James Harden – Height Weight Age Body Measurements

james-harden-funnyJames Harden Bio

James Edward Harden Jr. (born August 26, 1989 Los Angeles, California is an American professional basketball player. Before joining the National Basketball Association (NBA) league as a shooting guard, he played college basketball for Arizona State.

In 2009, James Harden declared for the NBA draft, and employed Rob Pelinka as his agent. He was drafted 3rd overall by the Oklahoma City Thunder. He was later traded to the Houston Rockets, after failing to agree on a contract extension with the Oaklahoma City Thunder for the 2012–13 season.

On 9 July 2016, he signed a four-year, $118.1 million contract extension with the Houston Rockets. Since the 2012-13 season, he scored a season average of over 26 points per game. He is also a career 84.9% shooter from the free throw line. James Harden is primarily a scorer, and has built a reputation as a poor defender.

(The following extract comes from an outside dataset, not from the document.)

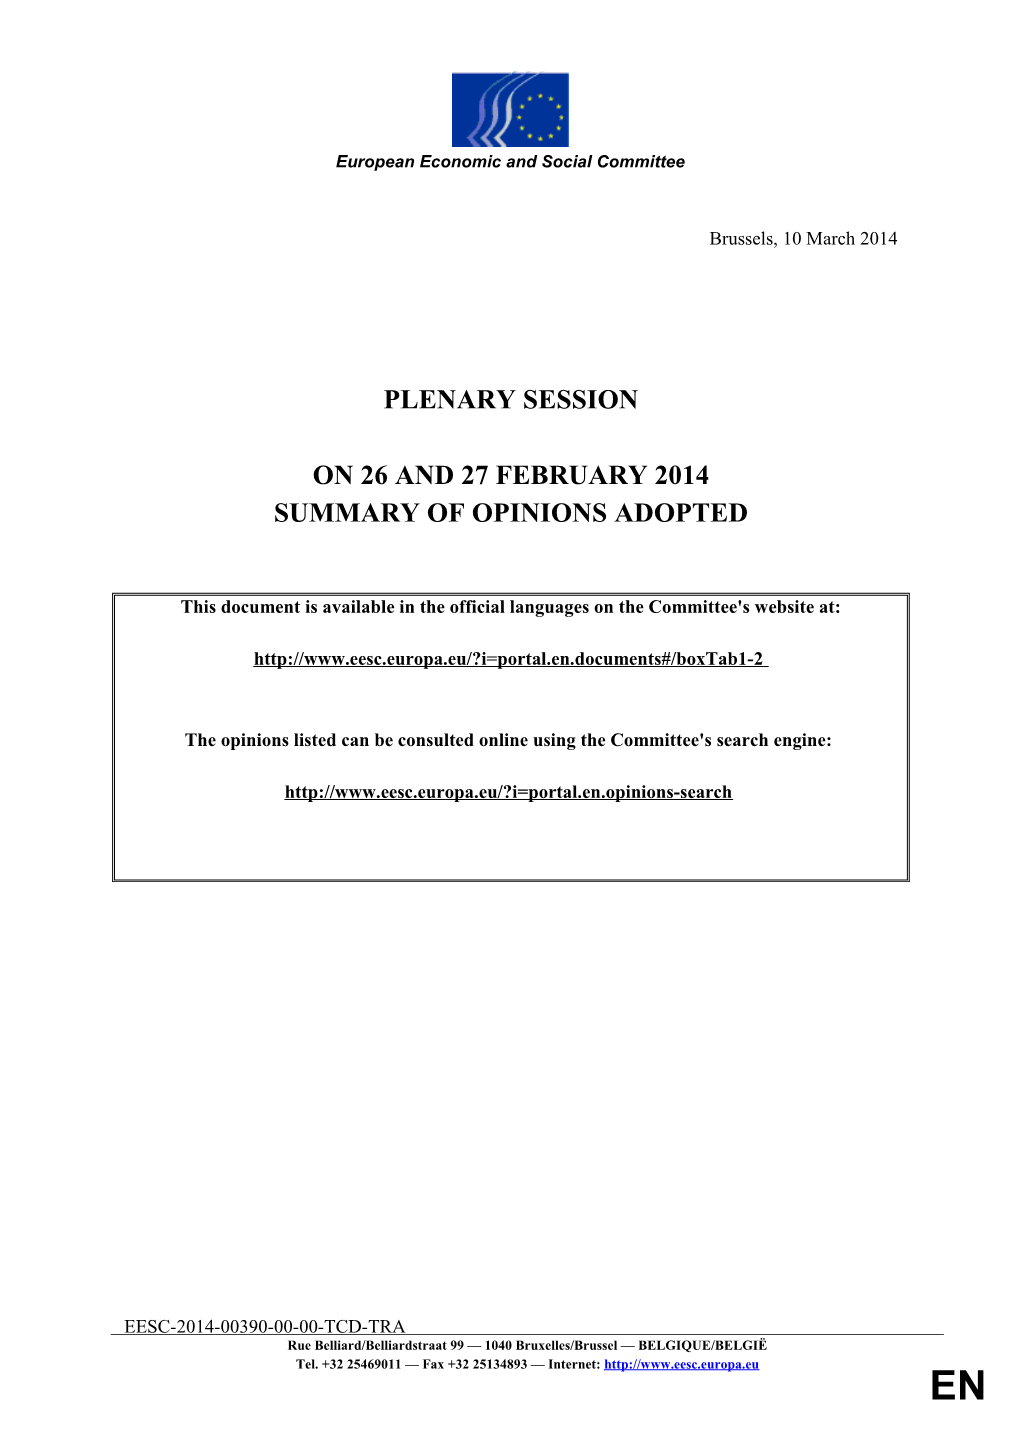 Summary of Opinions Adopted - Plenary Session 26/27-2-2014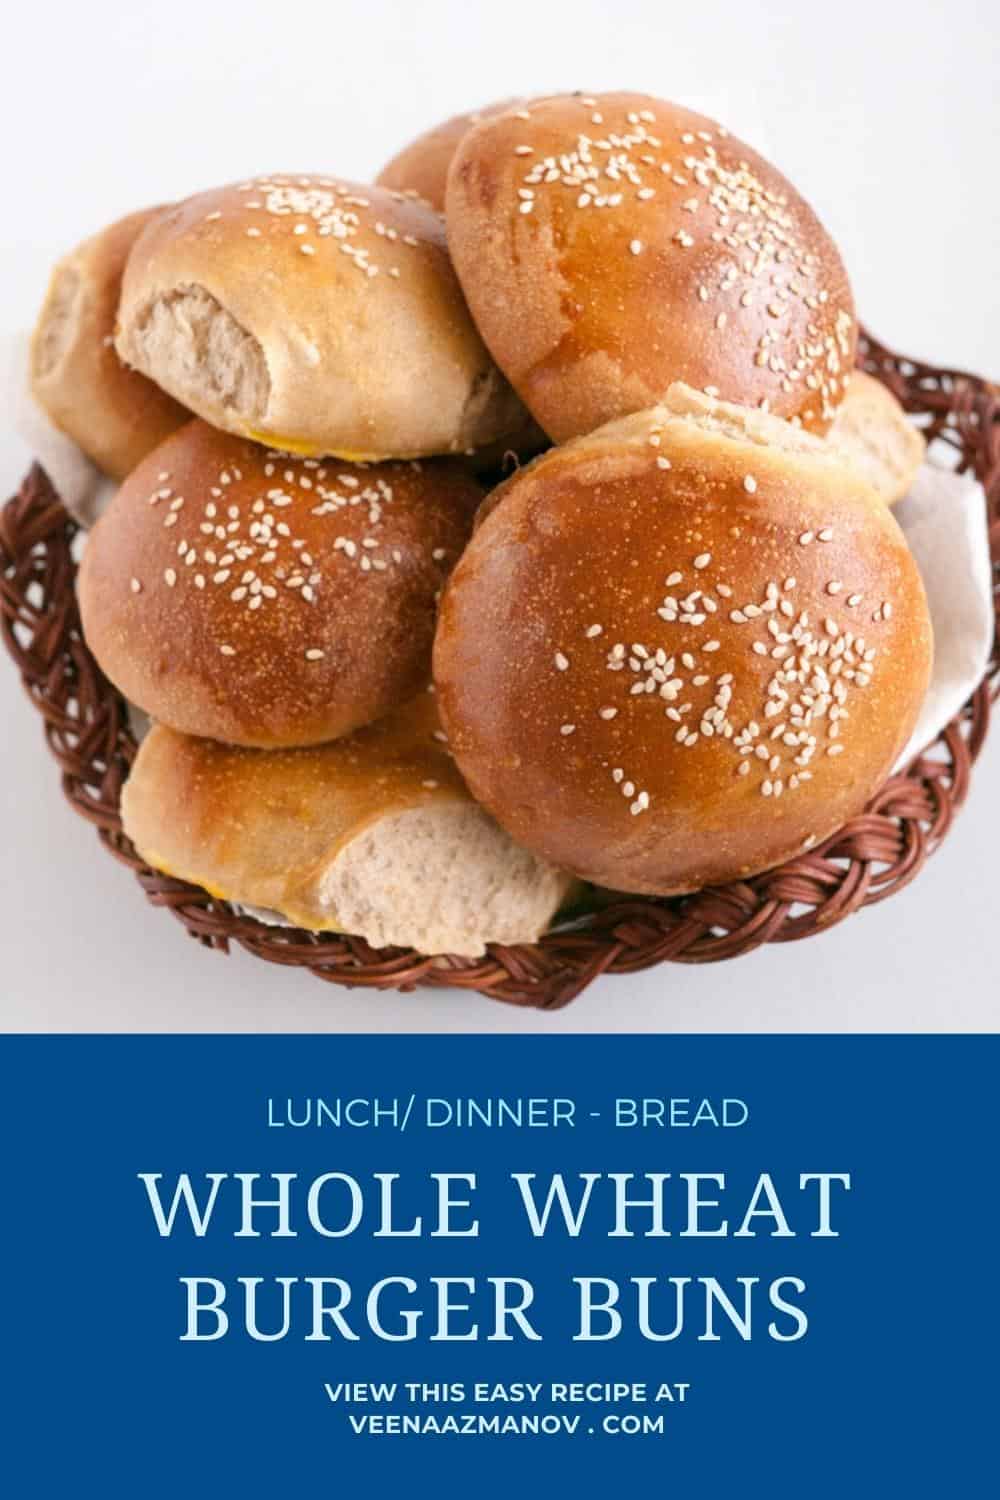 Pinterest image for burger buns with whole wheat.

James Harden Personal Details

  • Born Name: James Edward Harden, Jr
  • Age (in 2017): 28
  • Date of Birth: August 26, 1989
  • Birthplace: Los Angeles, California, United States
  • Zodiac Sign: Virgo
  • Occupation: Sport, Basketball
  • Net worth: 50 Million
  • Official Website:
  • Official Twitter: @JHarden13

James Harden Family Tree

  • Wife name: Not married
  • Children:
    • No children
  • Father name: James Harden Sr.
  • Mother name: Monja Willis
  • Siblings:
    • Brother: Akili Roberson

James Harden Relationship History

Below is the relationship and dating history for James Harden with his past and current girlfriend details.

James Harden dated:

  • Trina (January 2011-October 2012) – Trina is an American rapper.
  • Kyra Chaos (January 2013-July 2013) – Kyra Chaos is an American model.
  • Sarah Bellew (February 2013-June 2015) – Sarah Bellew is a Vietnamese radio personality.
  • Tahiry Jose (August 2013-August 2014) – Tahiry Jose is an American model.
  • Maliah Michel (November 2014) – Maliah Michel is an American model.
  • Amber Rose (January 2015-March 2015) – Amber Rose is an American personality.
  • Khloe Kardashian (June 2015-February 2016) – Khloé Kardashian is an American reality TV star.
  • Nelly Wit Da Jelly (September 2015) (RUMOR)
  • Karrueche Tran (October 2016-PRESENT) – James Harden is dating Karrueche Tran. (RUMOR)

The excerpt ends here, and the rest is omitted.